- _TASK_: Would you write out the entries that follow word for word, omitting any images?

- _DATA RECORDS_:

##########

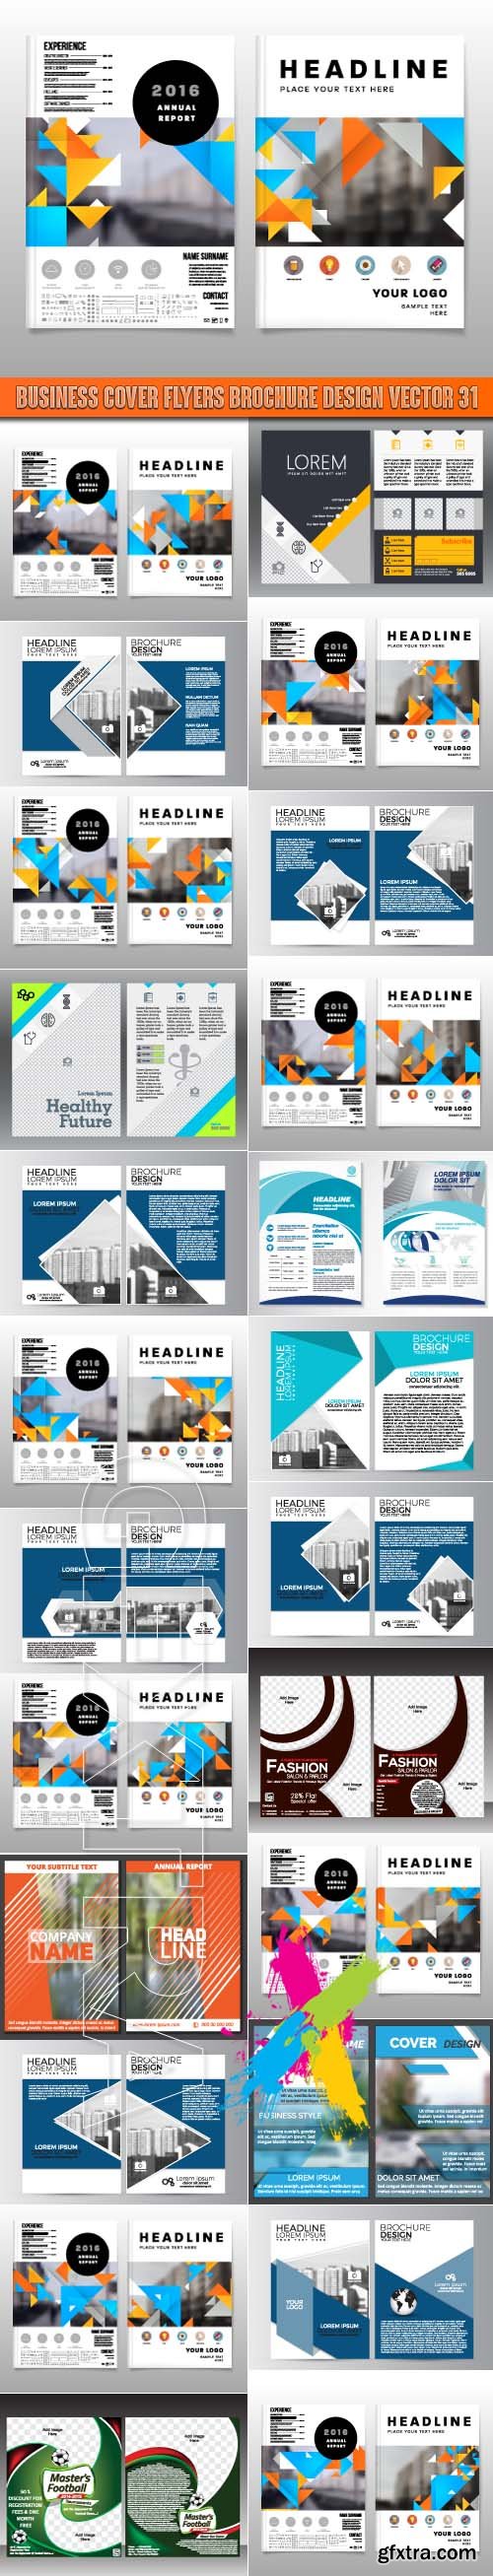 Business cover flyers brochure design vector 31
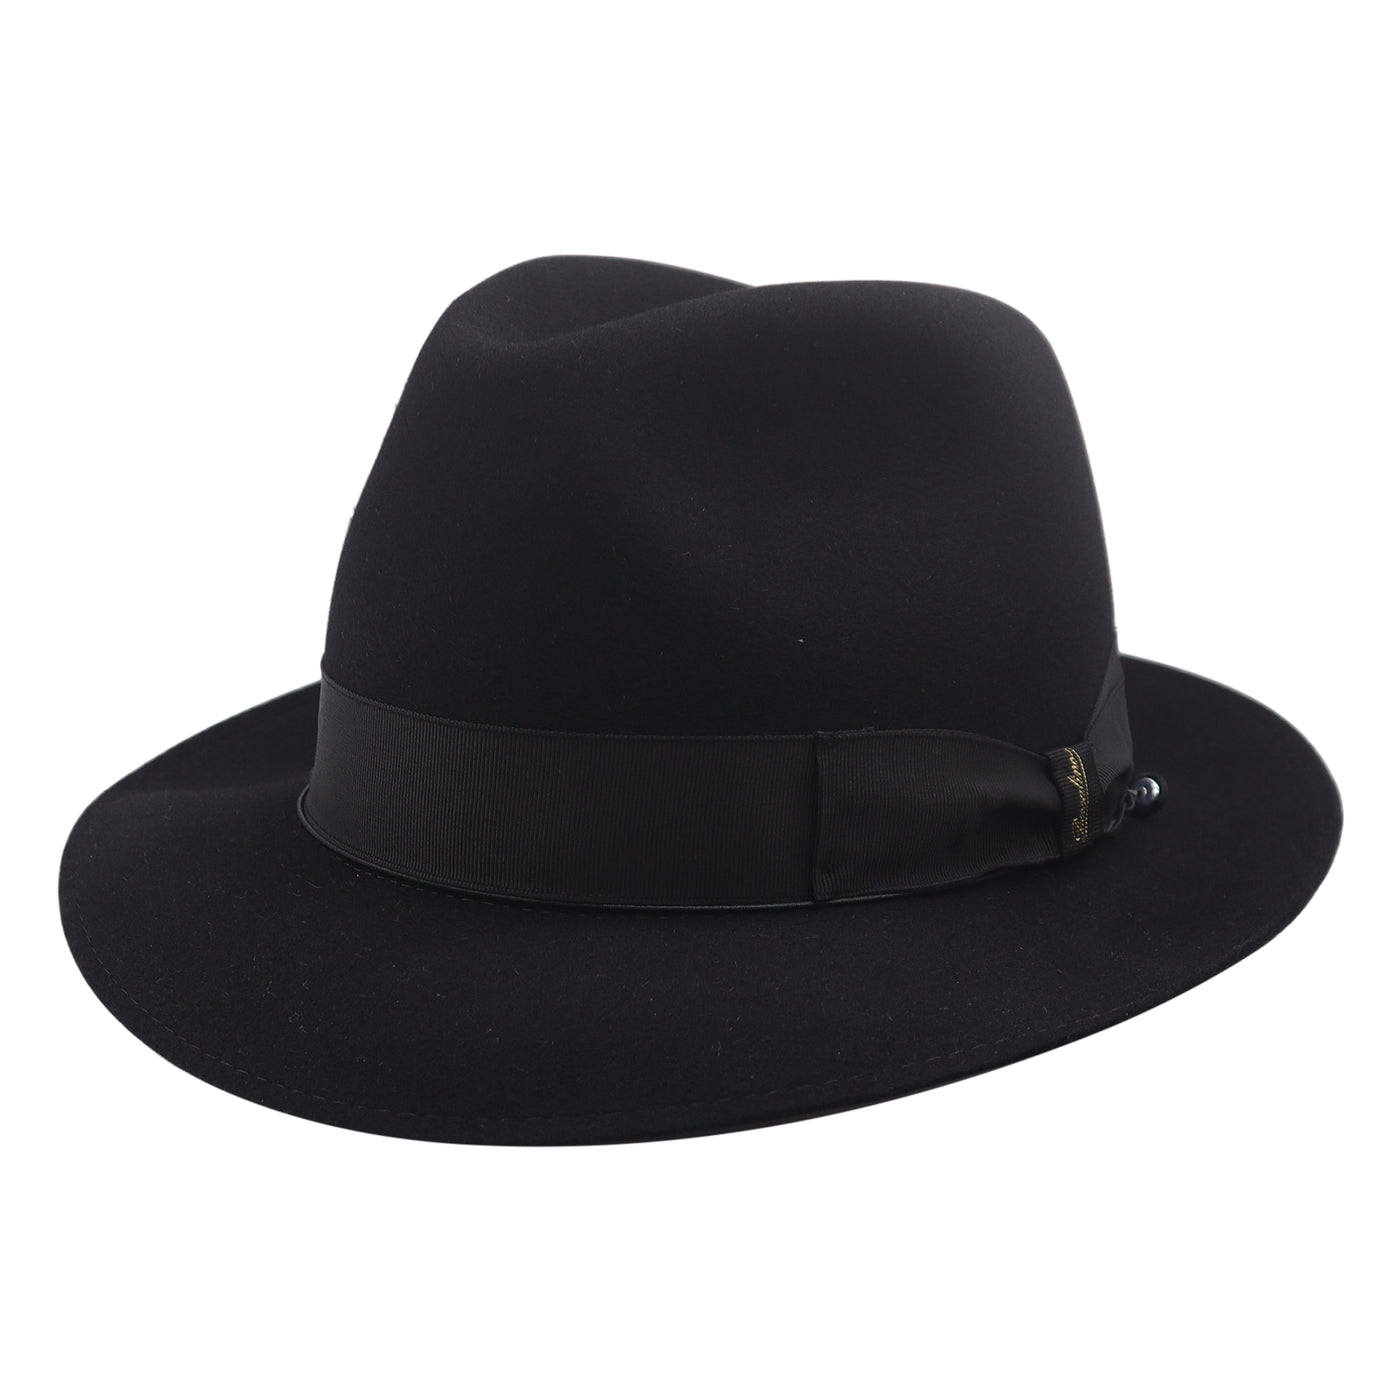 Minicio 200, product_type] - Borsalino for Atica fedora hat
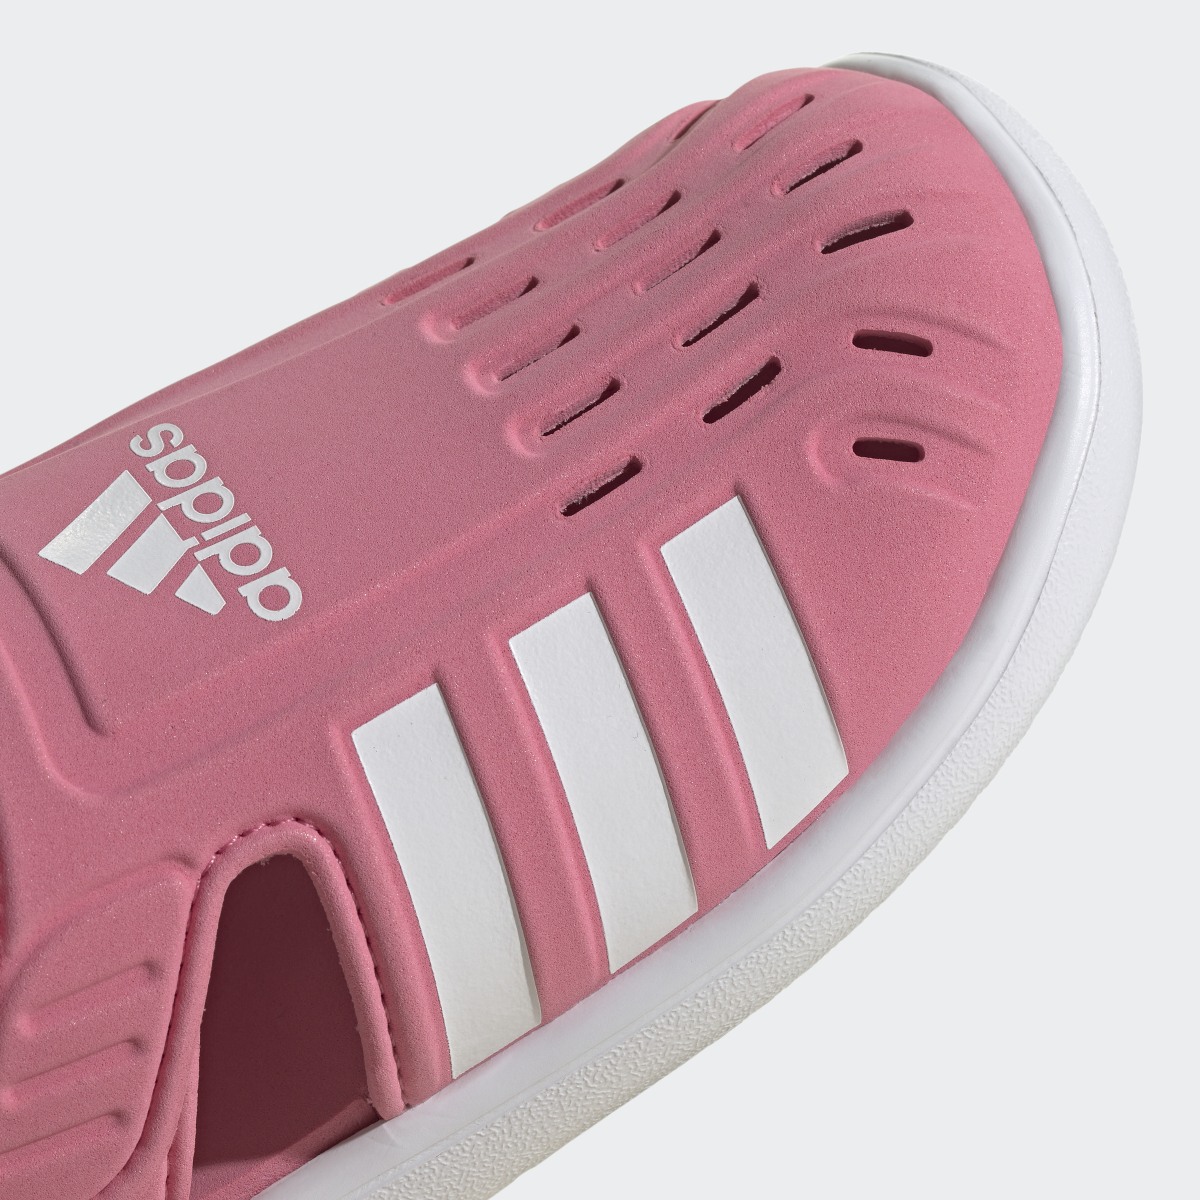 Adidas Claquette Summer Closed Toe Water. 9
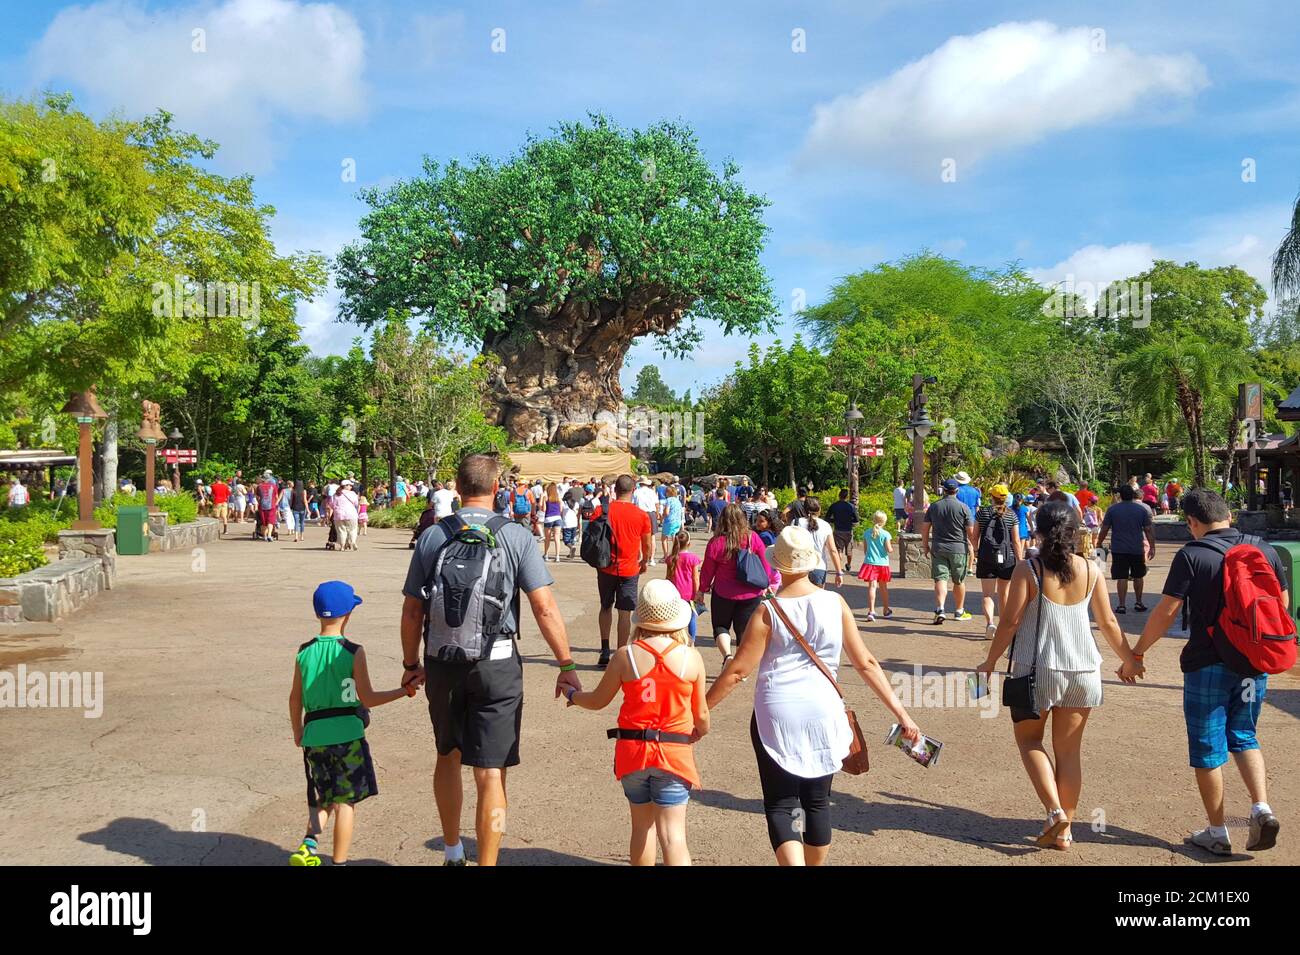 Disney World patrons head to the Tree of Life in Animal Kingdom, Discovery Island area, Orlando, Florida, United States Stock Photo
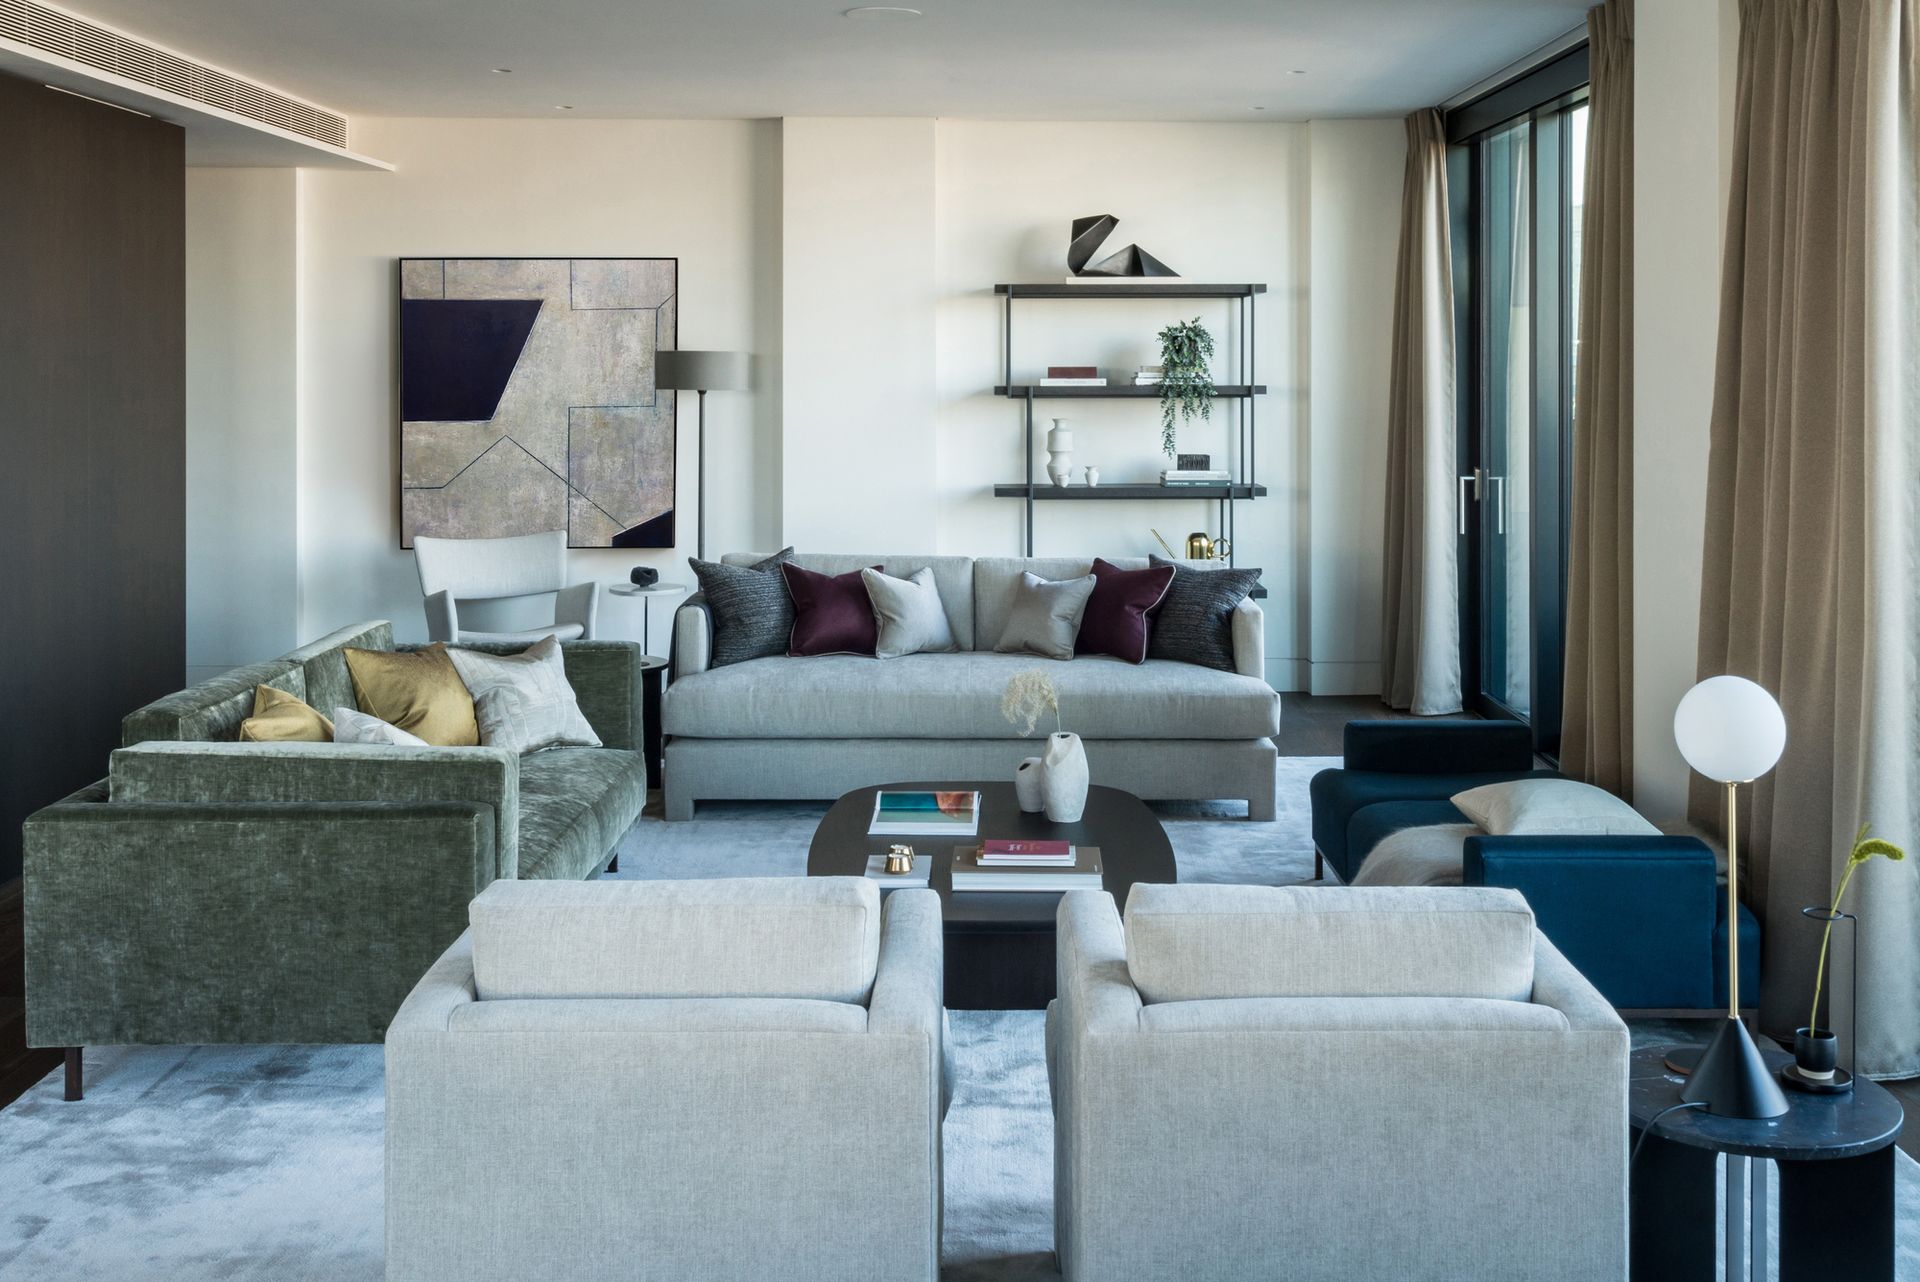 Sofa dimensions – how to choose the perfect sofa size | Livingetc

##########

- _EXPECTED ANSWER_:
 Business cover flyers brochure design vector 31
 Minicio 200, product_type] - Borsalino for Atica fedora hat
 Adidas Claquette Summer Closed Toe Water. 9
 Disney World patrons head to the Tree of Life in Animal Kingdom, Discovery Island area, Orlando, Florida, United States Stock Photo
 Sofa dimensions – how to choose the perfect sofa size | Livingetc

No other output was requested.